Foxp3/Transcription Factor Staining Kit

Background

Foxp3 / Transcription Factor Staining Kit has been formulated and optimized for staining with antibodies to transcription factors and nuclear proteins, such as Foxp3 and STAT3, as well as cytokines and chemokines.

Components

Instructions

Dilute Fixation Concentrate (4x) with Fixation Dilution Solution to 1x Fixation Working Solution before use. For example, take 1 mL Fixation Concentrate (4x) and add it to 3 mL Fixation Dilution Solution to get 4 mL 1x Fixation Working Solution. Each sample requires 1 mL of 1x Fixation Working Solution.
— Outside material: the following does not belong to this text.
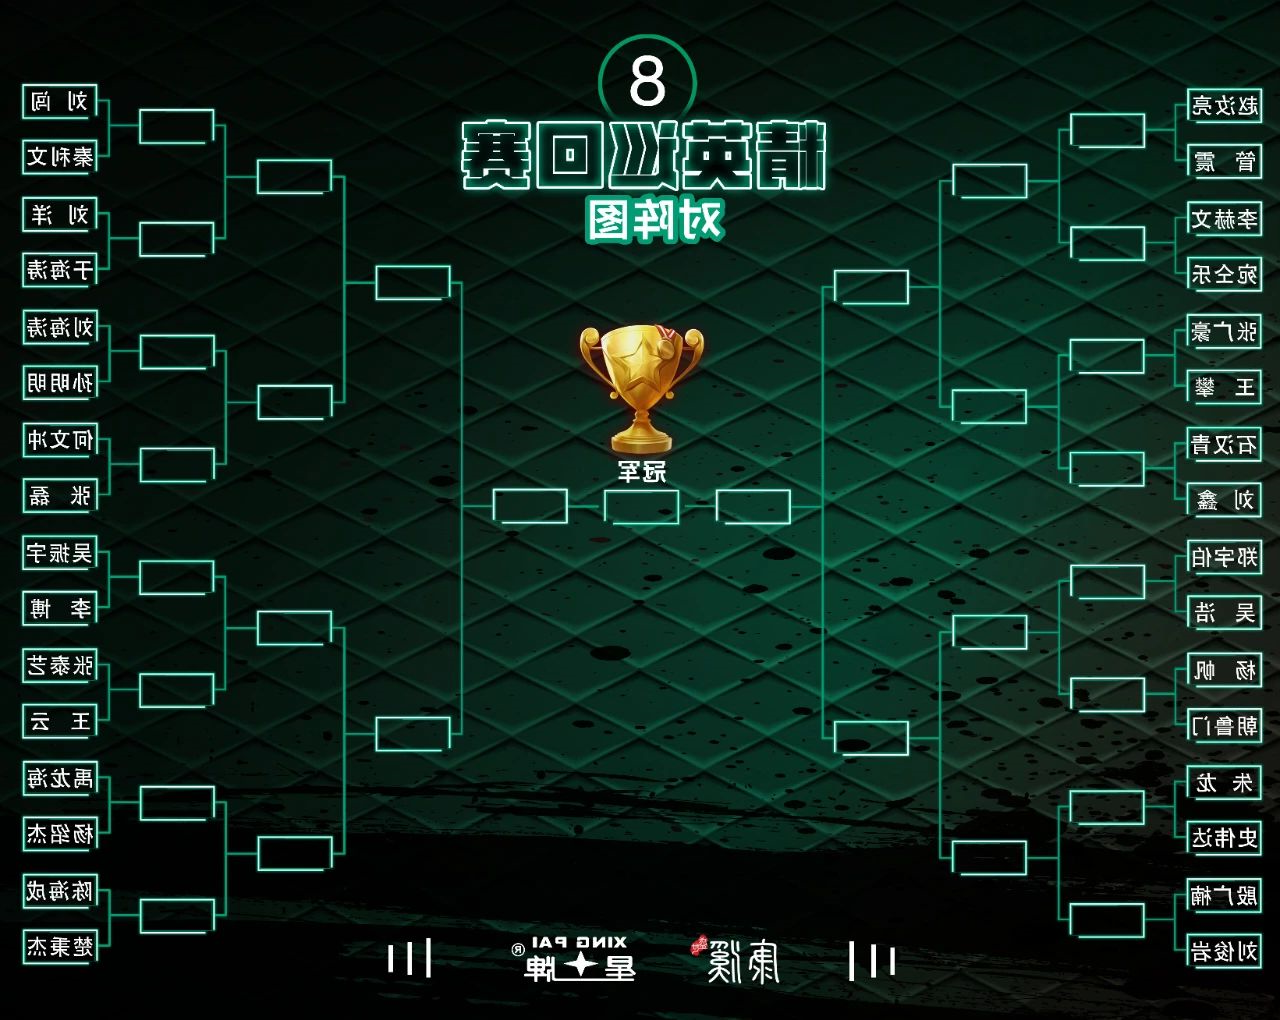 中式台球精英巡回赛第二站即将揭幕 kok娱乐平台
继续助力赛事

Dilute Permeabilization Buffer (10x) with ddH2O to 1xPermeabilization Working Solution before use. For example, take 1 mL Permeabilization Buffer (10x), and add it to 9 mL ddH2O to get 10 mL 1x Permeabilization Working Solution. Each sample requires 8.5 mL of 1x Permeabilization Working Solution.

1. Add the single-cell suspension into tubes, 1x 106 cells in 100 µL suspension per tube.
2. Stain cells with a Fixable Viability Dye. (Optional)
3. Stain cell surface markers.
4. After incubating with the cell surface marker, add 1 mL of Cell Staining Buffer, centrifuge samples at 300 g for 5 min, discard the supernatant, then resuspend the cells with 100 µL of Cell Staining Buffer.
5. Add 1 mL of 1x Fixation Working Solution to each tube and mix fully, incubate the cells at 4°C for 30 min, then centrifuge at 600 g for 5 min and discard the supernatant.
6. Add 2 mL of 1x Permeabilization Working Solution to each tube and mix fully, centrifuge at 600 g for 5 min and discard the supernatant.
7. Repeat Step 6.
8. Resuspend the cells with 100 µL of 1x Permeabilization Working Solution.
9. Block with 2 % normal mouse/rat serum by adding 2 µL directly to the cells. Incubate for 15 min at room temperature. (Optional)
10. Without washing, add the recommended amount of directly FCM antibody for detection of intracellular antigen(s) to cells and incubate for at least 30 min at room temperature in the dark.
11. Add 2 mL of 1x Permeabilization Working Solution to each tube and centrifuge at 600 g for 5 min at room temperature. Discard the supernatant.
12. Resuspend the cells with appropriate Cell Staining Buffer, then analyze the samples by flow cytometer.

Storage

Store at 4°C for six months in the dark. Avoid freeze / thaw cycles.

Cautions

1. For maximal assay performance, this reagent should be used within 6 months. Avoid freeze / thaw cycles.
2. The fixation and permeabilization steps that are required for the detection of intracellular antigens may alter the light scatter properties of cells and may increase non-specific background staining. Including extra proteins such as BSA or fetal calf serum (FCS) in the staining buffer may help reduce non-specific background. The use of Fixable Viability Dyes is recommended to help eliminate dead cells during the analysis.
3. For your safety and health, please wear the lab coat and disposable gloves before the experiments.